Input data:
- - -
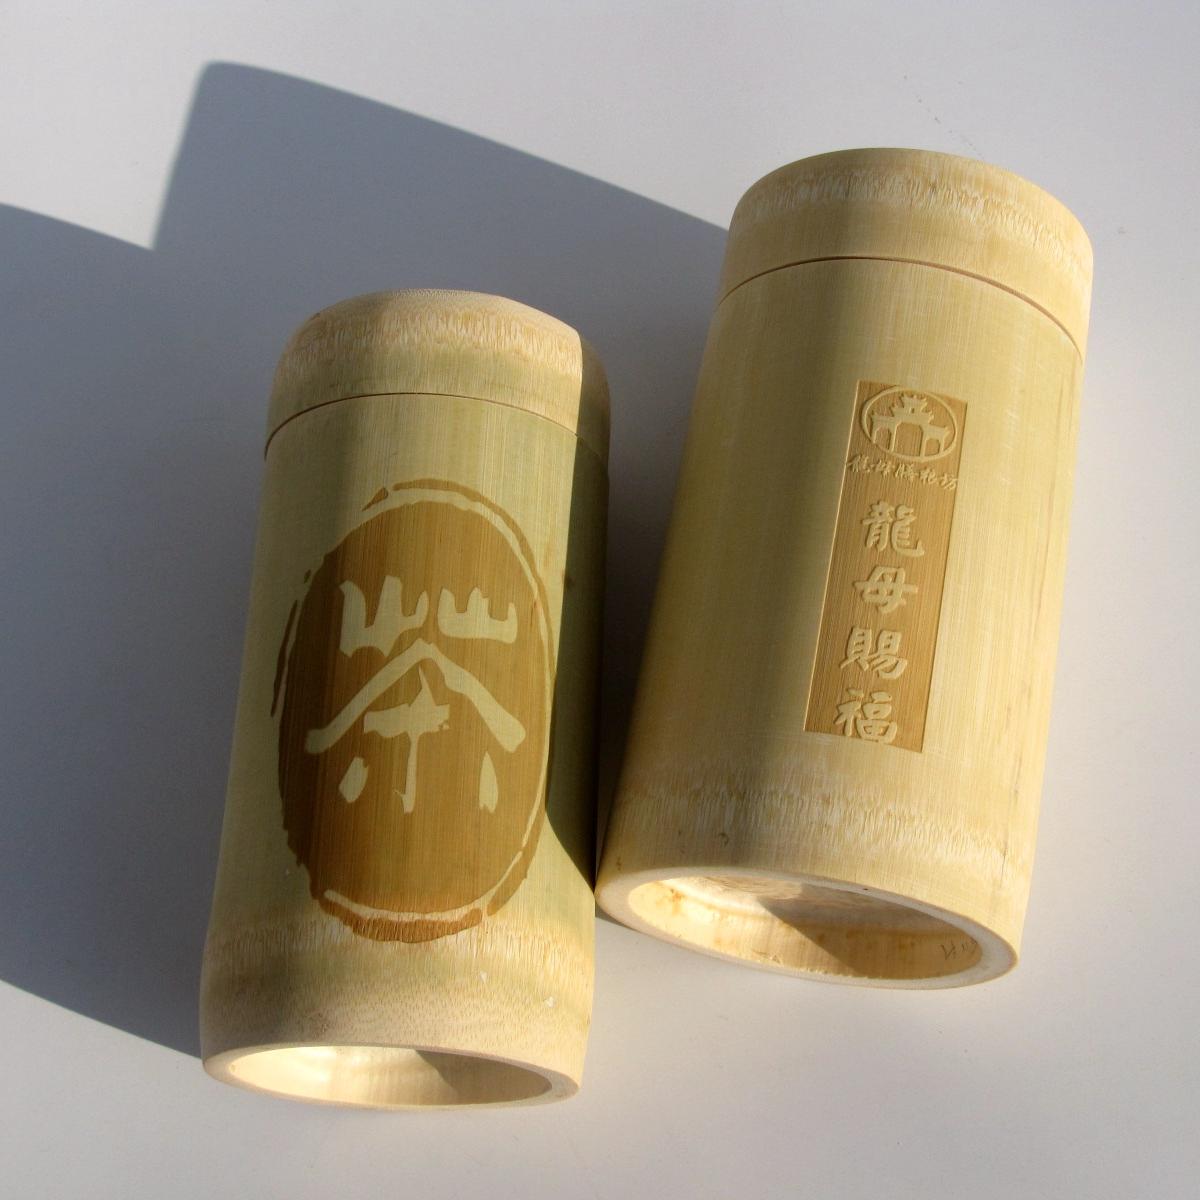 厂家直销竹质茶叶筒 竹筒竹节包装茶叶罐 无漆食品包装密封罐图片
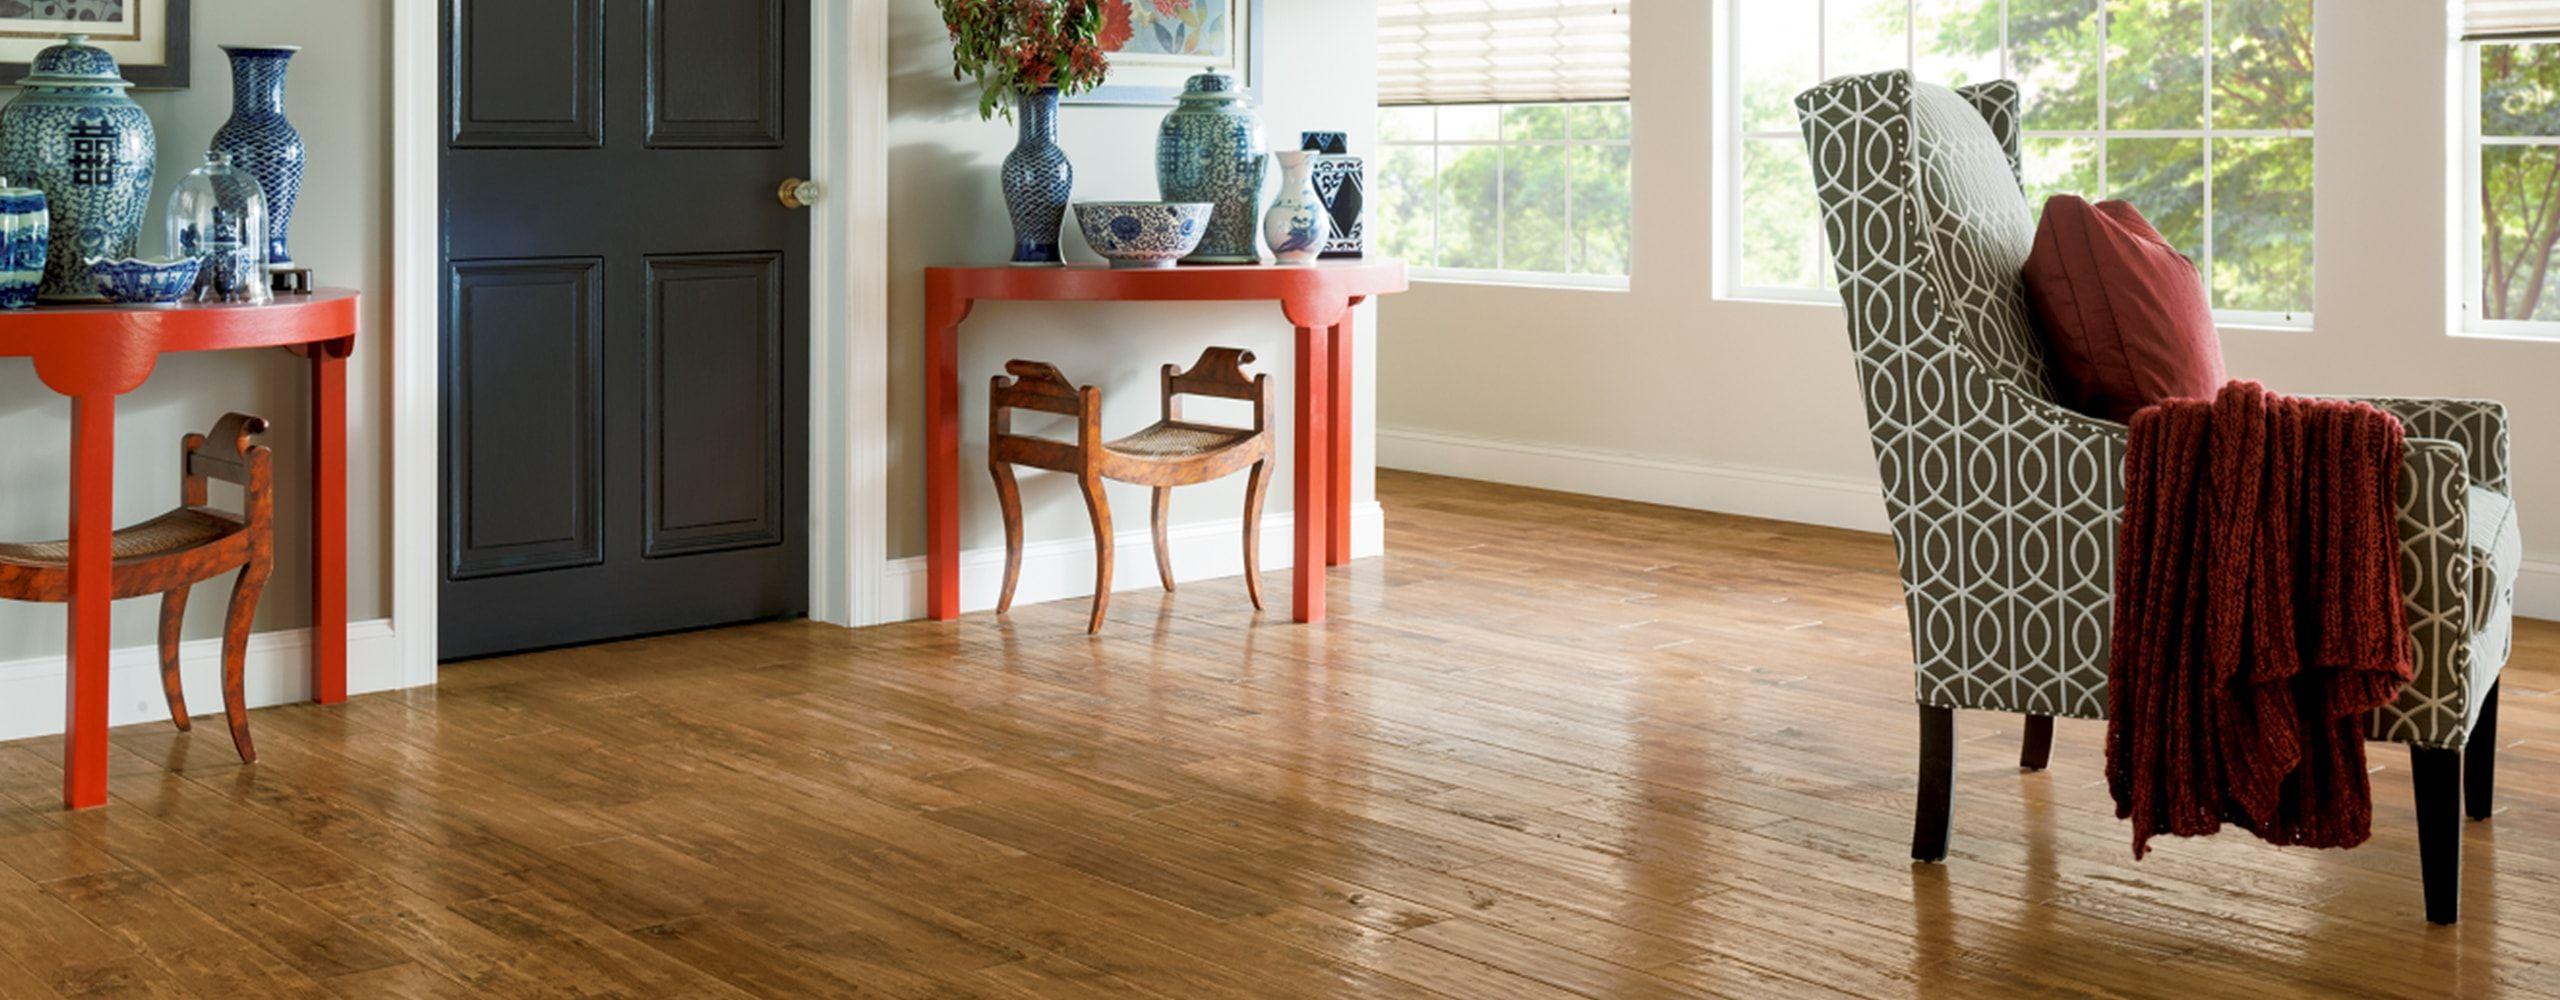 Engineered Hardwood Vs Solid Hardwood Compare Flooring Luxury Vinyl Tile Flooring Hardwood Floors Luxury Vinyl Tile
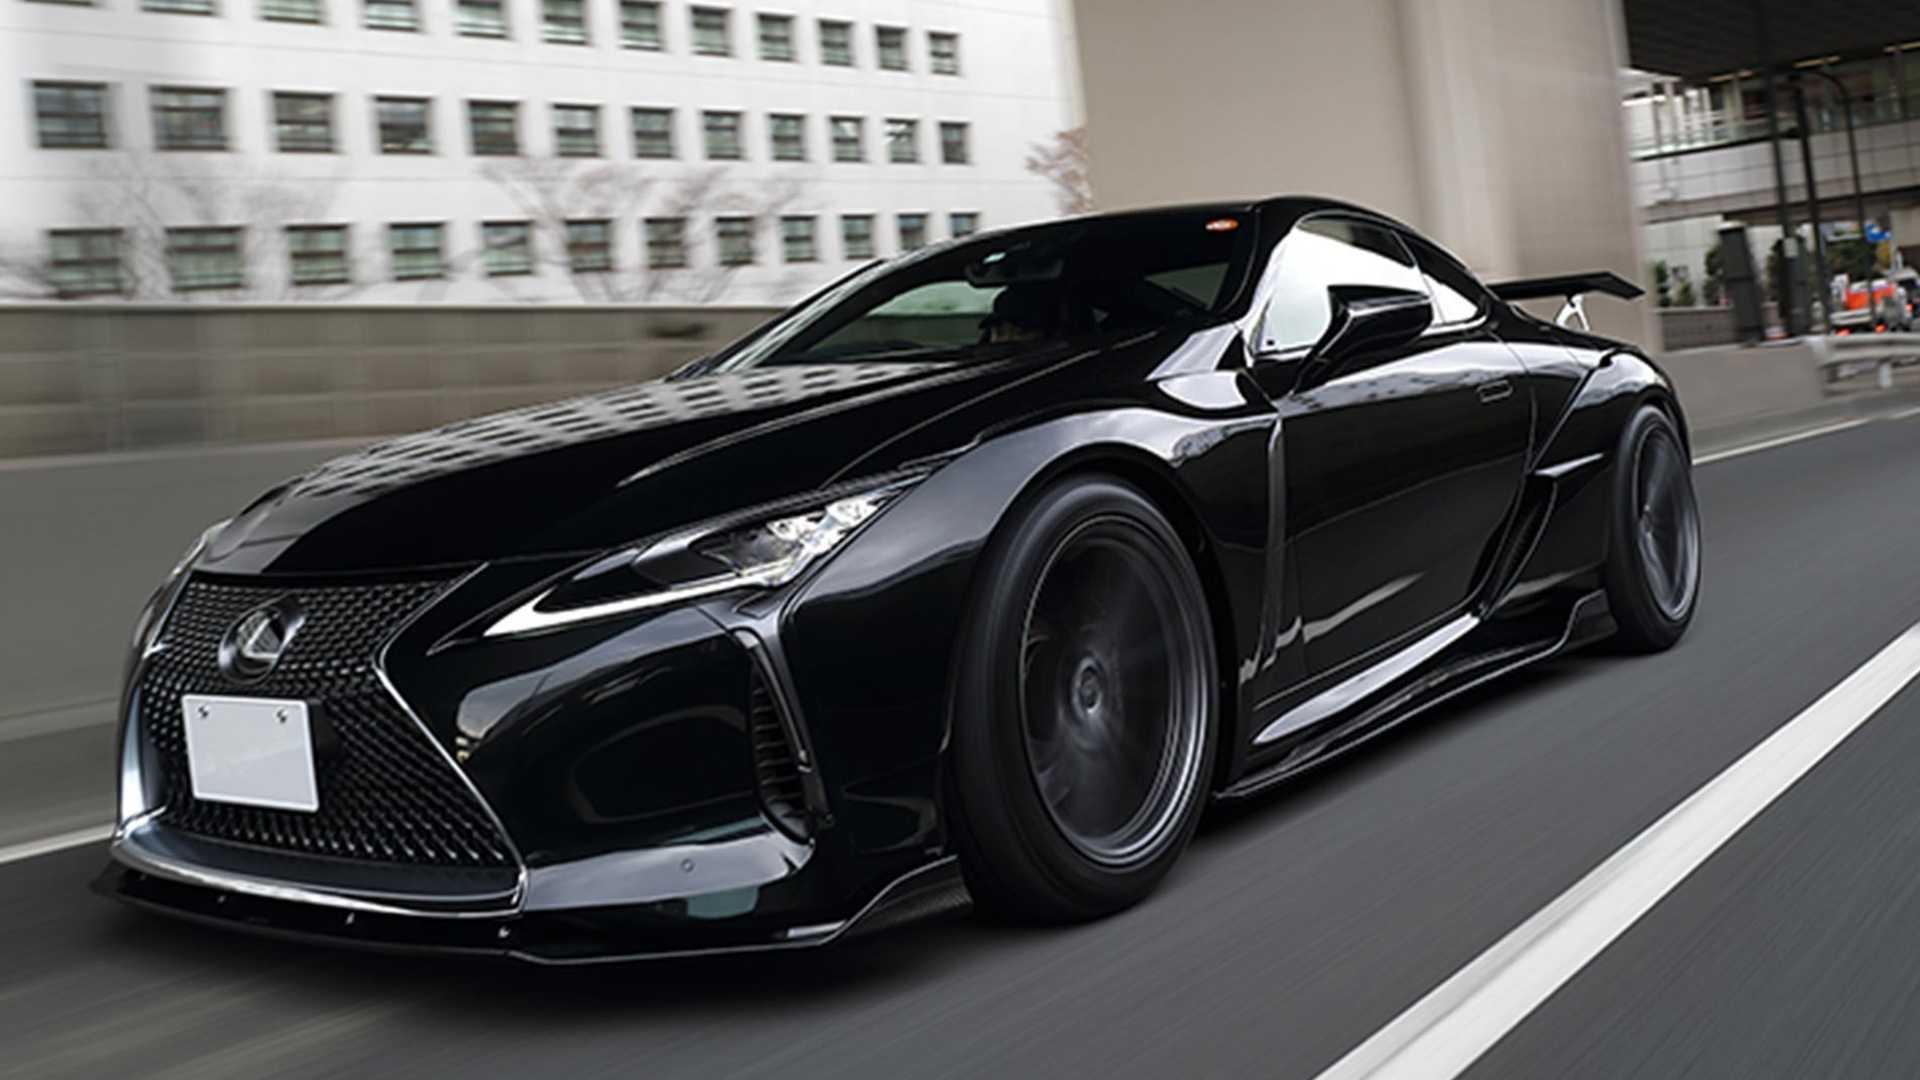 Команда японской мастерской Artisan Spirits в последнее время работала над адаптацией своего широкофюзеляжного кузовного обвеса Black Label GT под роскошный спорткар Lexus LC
- - -
Exercise: Copy the listing exactly, omitting pictures.

Result of the exercise:
 厂家直销竹质茶叶筒 竹筒竹节包装茶叶罐 无漆食品包装密封罐图片
 Engineered Hardwood Vs Solid Hardwood Compare Flooring Luxury Vinyl Tile Flooring Hardwood Floors Luxury Vinyl Tile
 Команда японской мастерской Artisan Spirits в последнее время работала над адаптацией своего широкофюзеляжного кузовного обвеса Black Label GT под роскошный спорткар Lexus LC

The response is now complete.